Analyzing the testing status of the power battery system for new energy vehicles is an important step in ensuring the performance and safety of the battery system. For battery module and cell testing, the testing standards should be determined based on the overall vehicle development performance, and the testing methods should be improved in combination with the overall vehicle performance, automotive component testing requirements, and the characteristics of the battery itself to ensure the rationality of the testing plan. In terms of analysis of test results, both safety performance testing and non safety performance testing are key components. Safety performance testing needs to be completed in extreme environments, and a safety evaluation plan should be established to comprehensively evaluate the safety performance of the battery system's assemblies, modules, and cells, in order to improve the effectiveness of the testing work.

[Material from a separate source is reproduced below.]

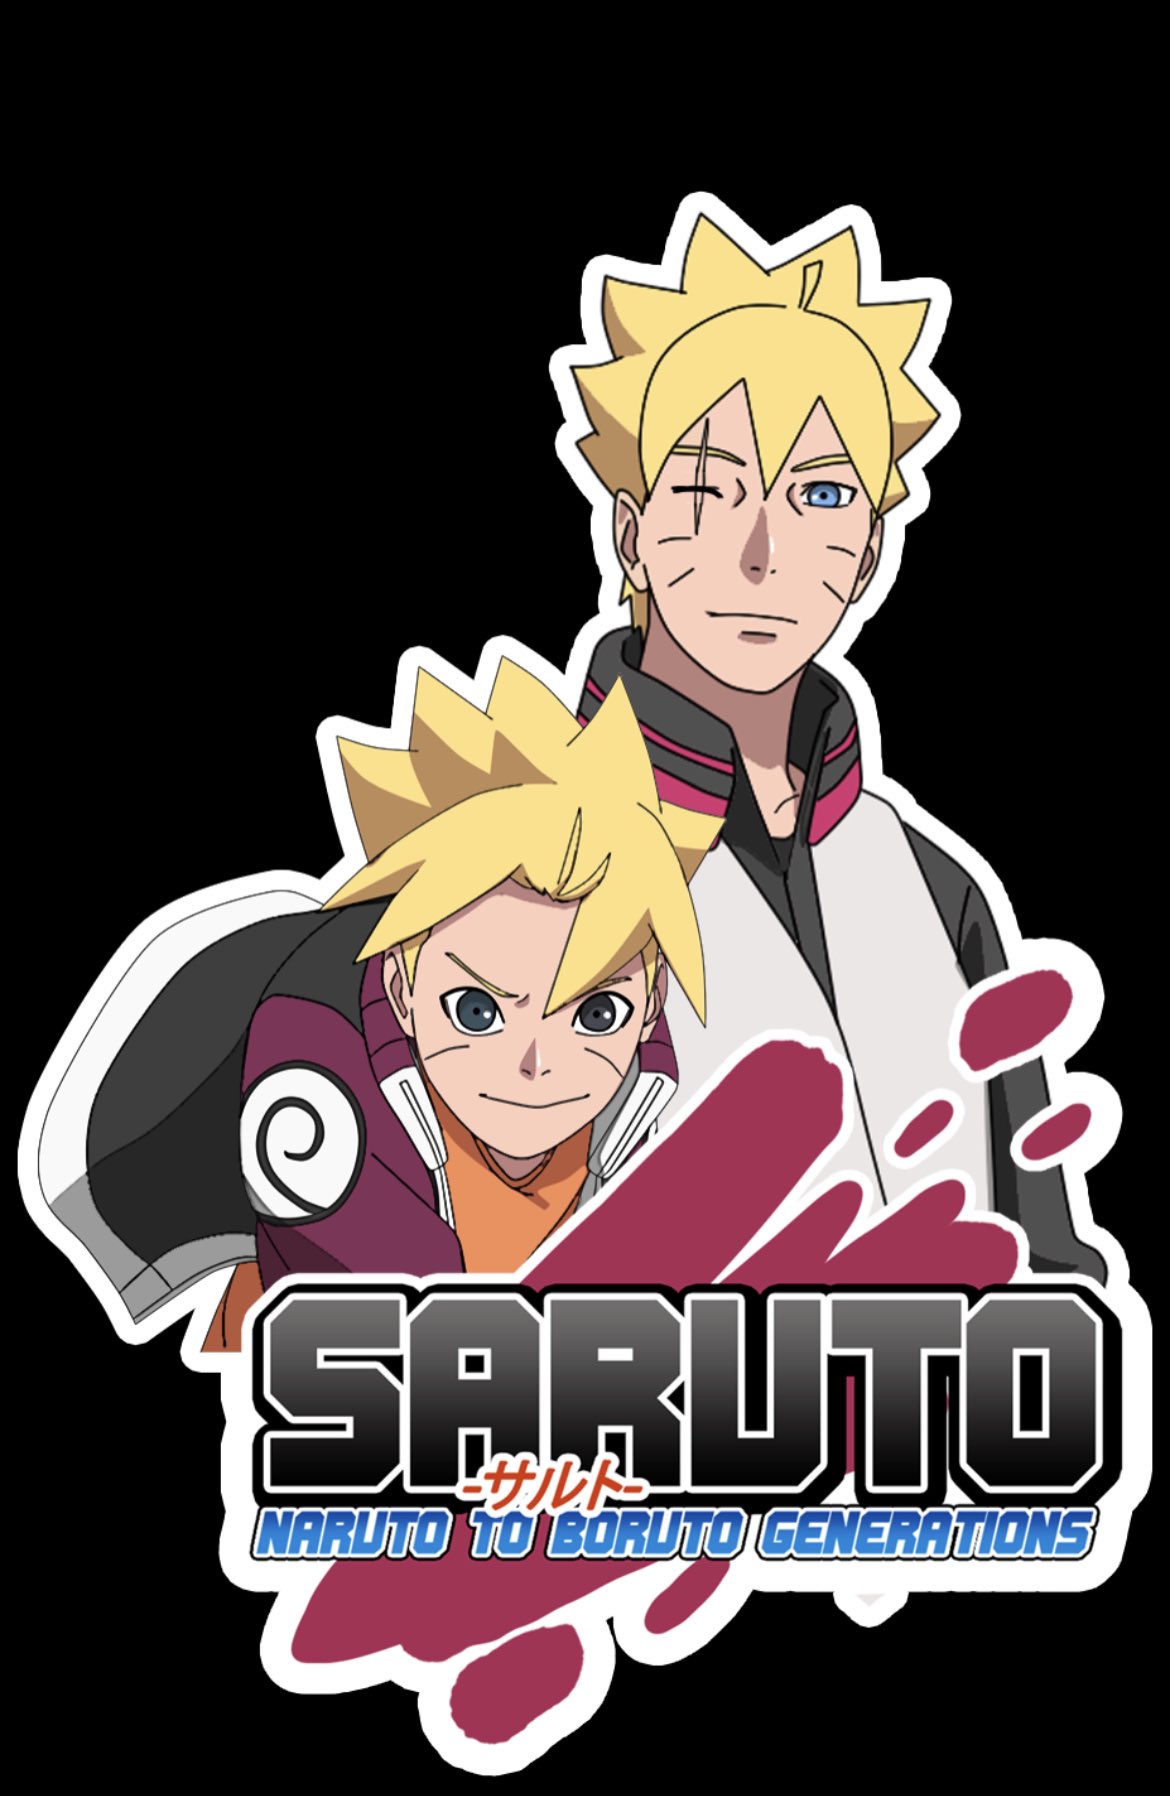 kruos_ on X: New Poster for “Saruto: Naruto to Boruto Genarations

Non safety performance testing should meet the needs of vehicle development, taking into account factors such as power system, capacity system, service life standards, as well as mechanical performance testing, to ensure the stability of battery system operation and the rationality of automotive component testing. Through effective detection and analysis, the safety, reliability, performance stability, and service life of new energy vehicle power battery systems can be ensured, thereby promoting the sustainable development of new energy vehicles. However, in practical applications, further research and standard development are needed to continuously improve the performance and safety of battery systems, and promote further breakthroughs and innovations in new energy vehicle technology.